Уже издалека я вижу железнодорожный переезд, через который мне предстоит перейти, но это еще ждет меня впереди, а пока, и это обязательно нужно сообщить читателю, мне необходимо исполнить еще два-три важных задания и покончить с некоторыми, требующими особого внимания, делами. Об этих обстоятельствах я должен буду отчитаться с предельной точностью и как нельзя подробнее. С вашего благосклонного дозволения смею заметить, что собираюсь мимоходом заглянуть в элегантное ателье мужского платья, то бишь в портновскую мастерскую, по поводу нового костюма, который мне нужно примерить и при необходимости вернуть на переделку. Во-вторых, я должен платить непосильные налоги городской управе, и в-третьих, мне нужно отнести одно весьма примечательное письмо на почту и бросить его там в почтовый ящик. Сами видите, сколько мне всего нужно переделать и насколько это с виду бесцельная и приятная во всех отношениях прогулка на поверку выходит хлопотной и битком набитой практическими делами. Так что будьте добры простить мне все задержки, промедления и опоздания, а также занудные разбирательства с мастерами и канцеляристами, да к тому же, вас, быть может, даже развлекут и обрадуют эти отступления и вставки.
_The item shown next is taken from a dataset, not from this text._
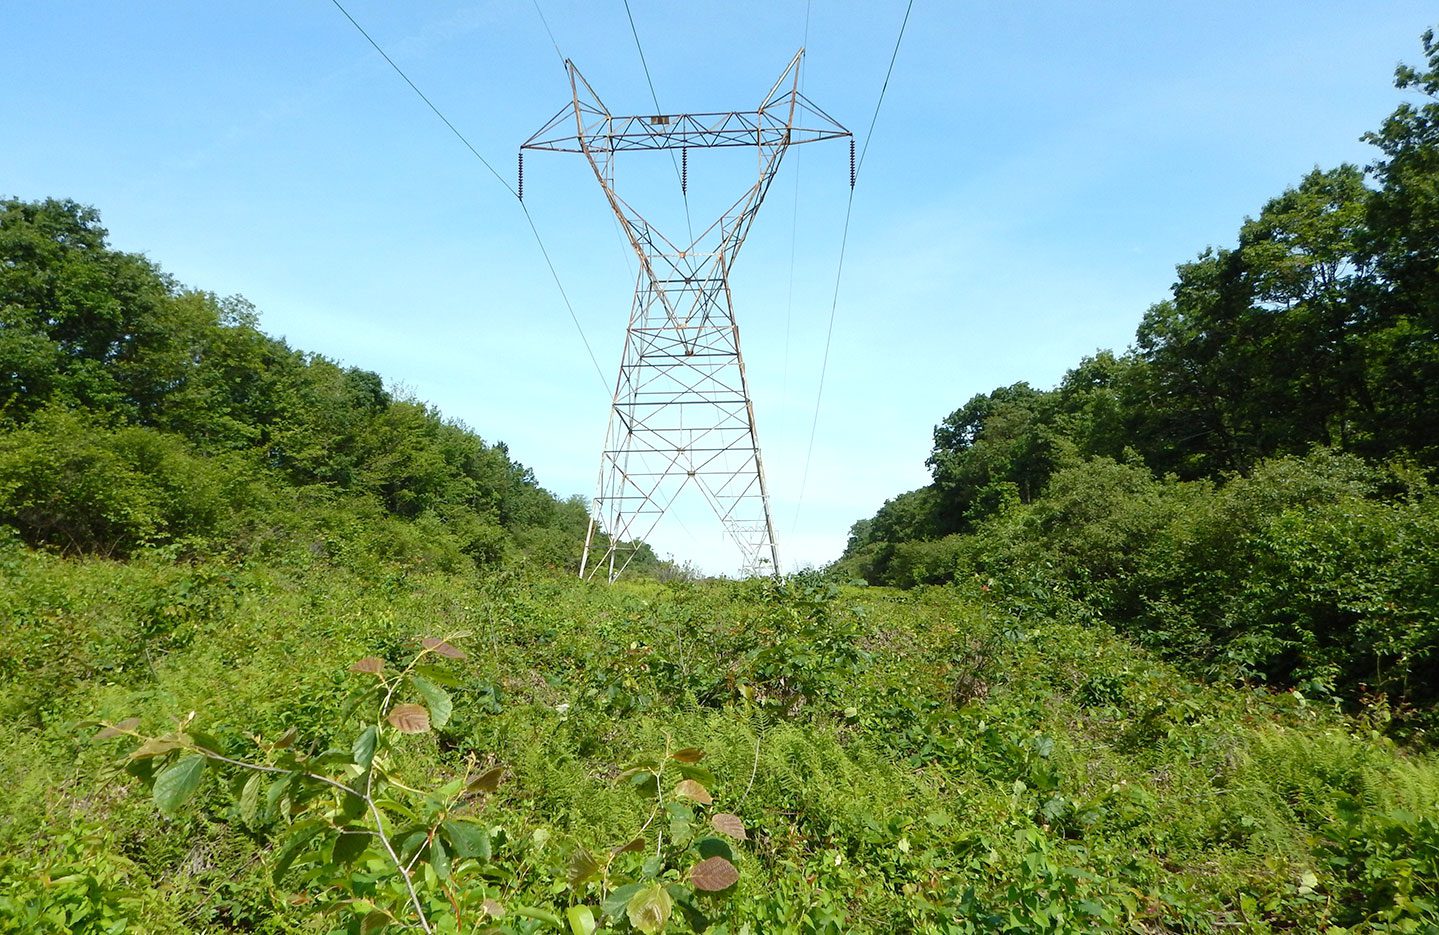 Utility right-of-way lands, such as this powerline corridor in Pennsylvania, provide strips of de facto early successional habitat. Photo by Therese Boyd/Research & Teaching at Penn State Altoona.
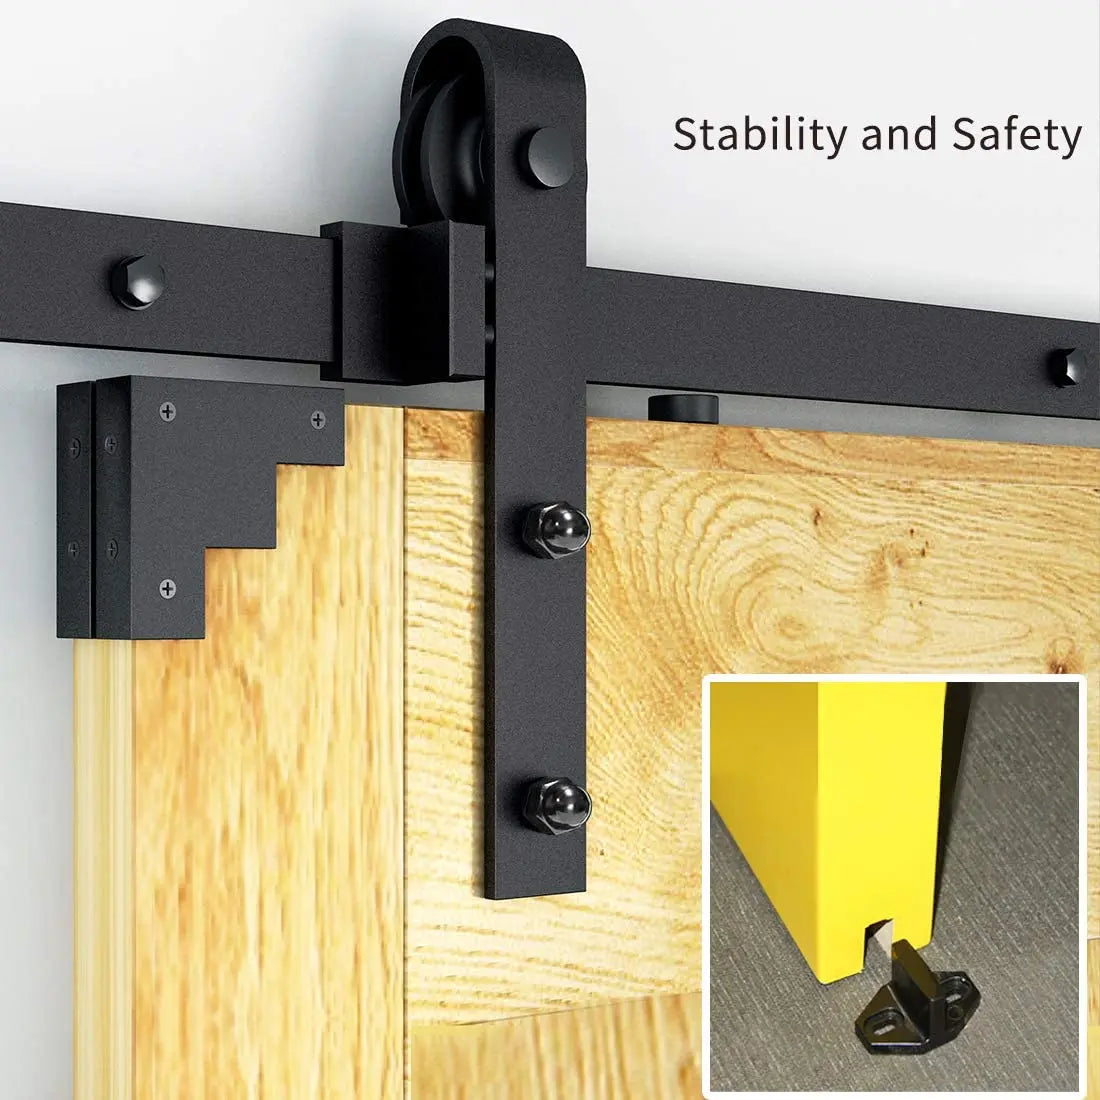 stable and safe barn door hardware kit

Заранее спешу учтиво принести мои извинения за все вытекающие отсюда длинноты, долготы и широты. Представал ли когда-нибудь хоть один провинциальный или столичный писатель более робким и вежливым перед своими читателями? Думаю, что вряд ли, и потому продолжаю с абсолютно спокойной совестью мои рассказы и болтовню и сообщаю нижеследующее.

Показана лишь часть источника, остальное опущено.